Donkey & Goat wines that do contain sulfur have 25 PPM. “Some books say sulfur is a byproduct of fermentation,” Brandt says. “I don’t think this is true. We have made wines that have zero detectable SO2.” Donkey & Goat’s Pet-Nat and Gigi wines contain zero sulfur.

“Many other winemakers add commercial yeast to try and get specific flavors,” Brandt says. “Then they add DAP [diammonium phosphate] and yeast nutrients to make that yeast work better. Tannins to make it more tannic. Acid for balance. The list goes on.” Some of the weirder ingredients wineries use include gum arabic, or acacia, to round out tannins, and “fish bladder for fining,” Brandt says.

Ingredients labels, or the lack thereof, speak to the ways certain laws prioritize companies’ marketability over consumer awareness.

“Many ingredients are not required by law to be listed in any product,” Brandt says, “In fact, they qualify as ‘production aids.’” Velcorin, for example, is an organic dimethyl dicarbonate (DMDC).
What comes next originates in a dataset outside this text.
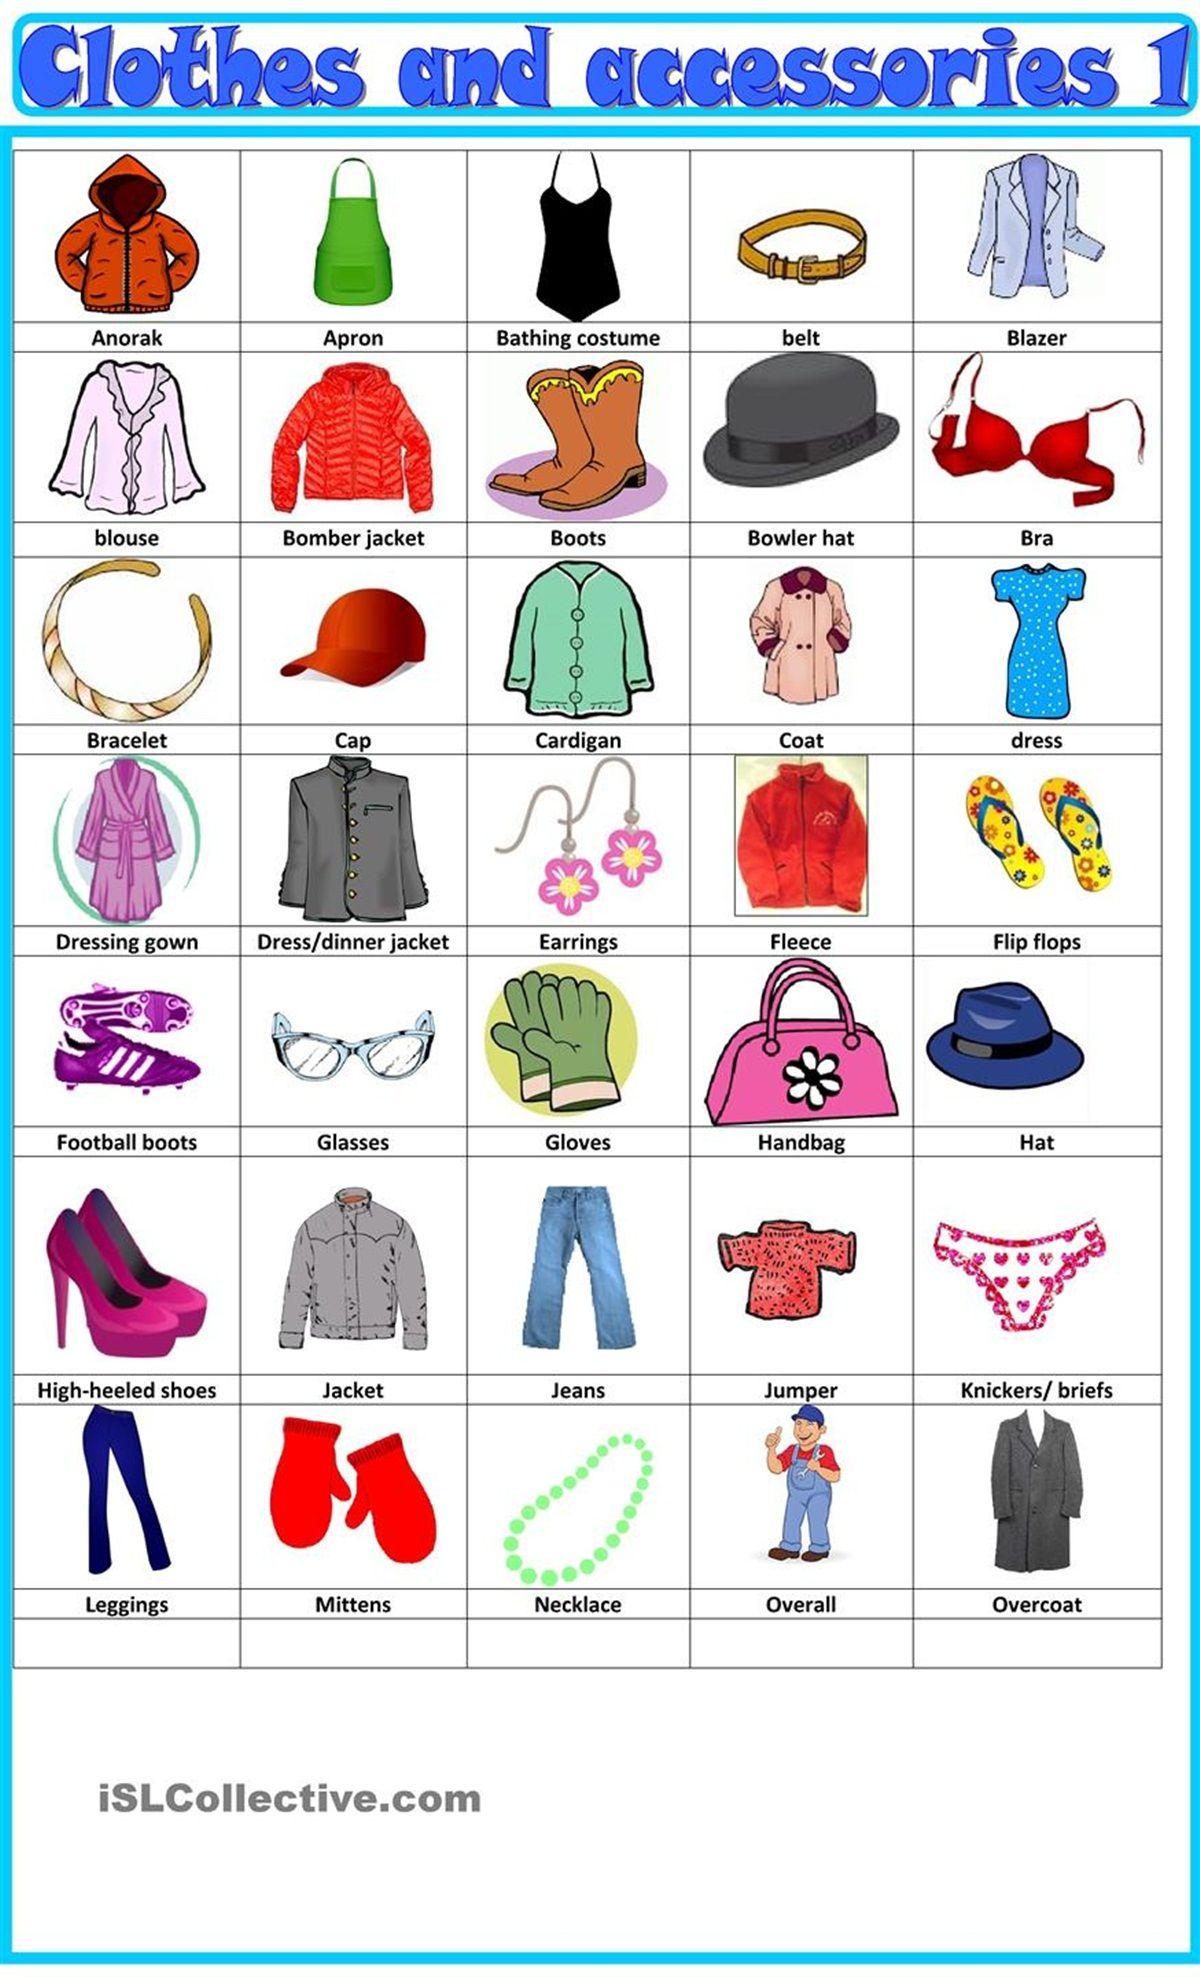 Clothes Accessories Vocabulary Vocabulary Clothes English Clothes
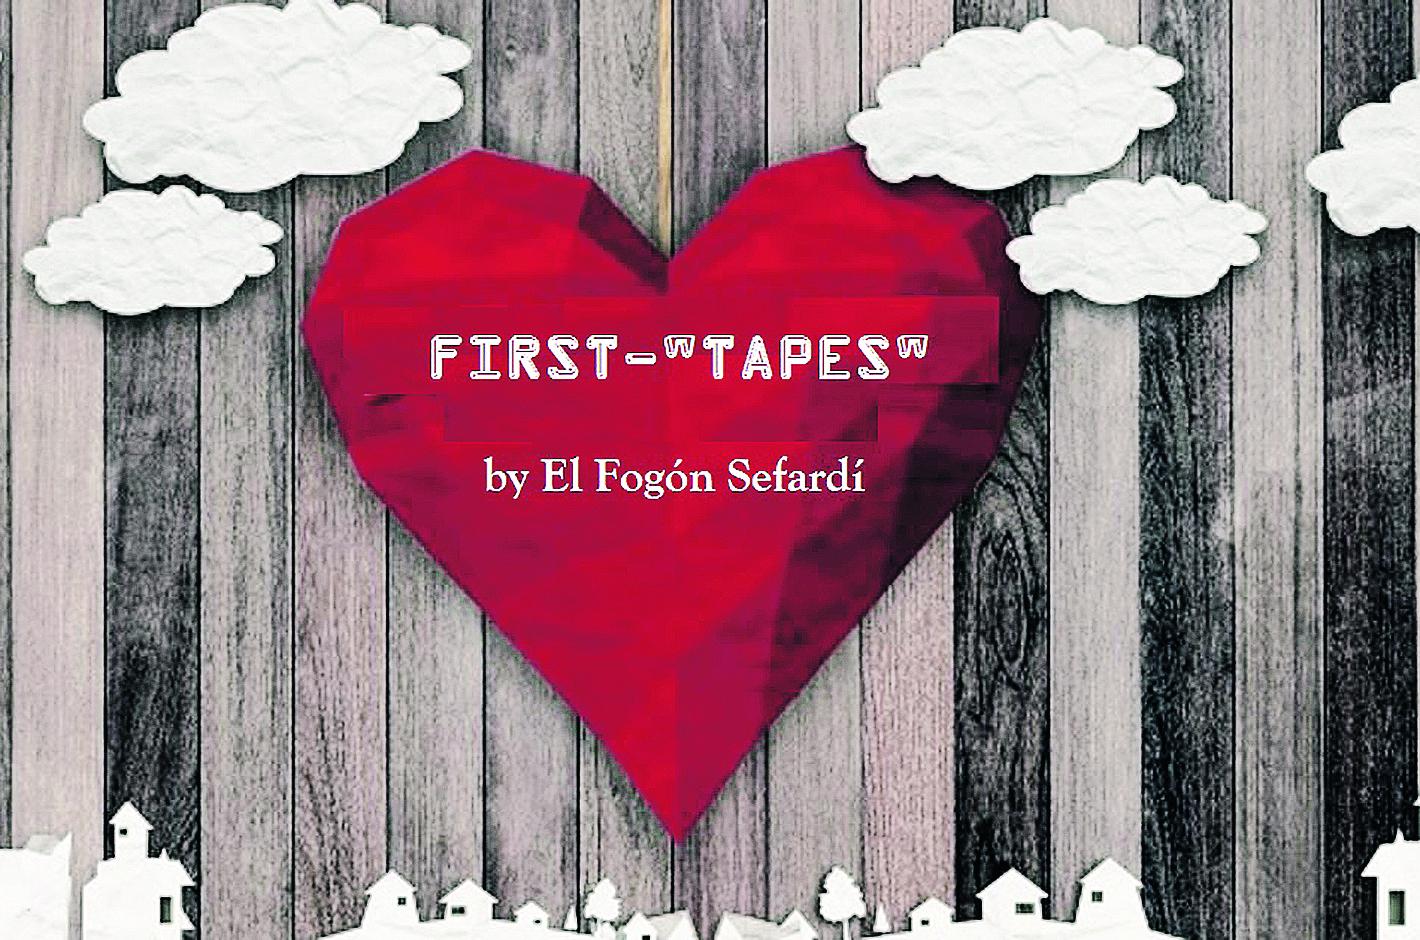 EL FOGON SEFARDI FIRST TAPES

It’s a popular stabilizer used to quell yeasts and bacterial growth in juices, sports drinks, and wines. DMDC is becoming increasingly controversial, though. It’s toxic for at least the first four hours after it’s added to a liquid, Brandt says. Despite a scary-sounding list of potential hazards, including corrosive runoff and combustible vapors, companies are not legally required to disclose when they’ve added DMDC to their products to consumers.

“Producers are afraid consumers would care and thus have lobbied to have it as an exemption and not required to be labeled,” Brandt says. “Who wants to buy ‘fresh-squeezed orange juice’ if that’s in there, too — which I have been told is very common,” he adds.

There’s something comforting about knowing exactly what goes into your glass, for sure, but transparent labeling surpasses sentimental marketing, or touchy-feely hyphenates like “all-natural” or “farm-fresh.” Food allergies, digestive disorders, and other health concerns are on the rise, both in terms of anecdotal awareness and medical diagnoses. As a result, many of us are scratching our heads and looking for ways to adjust diets and lifestyles.

Learning what’s in everything we consume, be it a fast-food cheeseburger or Napa Valley Sauvignon Blanc, empowers us. We ask better questions of our doctors, our food providers, and ourselves.

And we especially appreciate those who give us the answers, free of charge, without our even having to ask.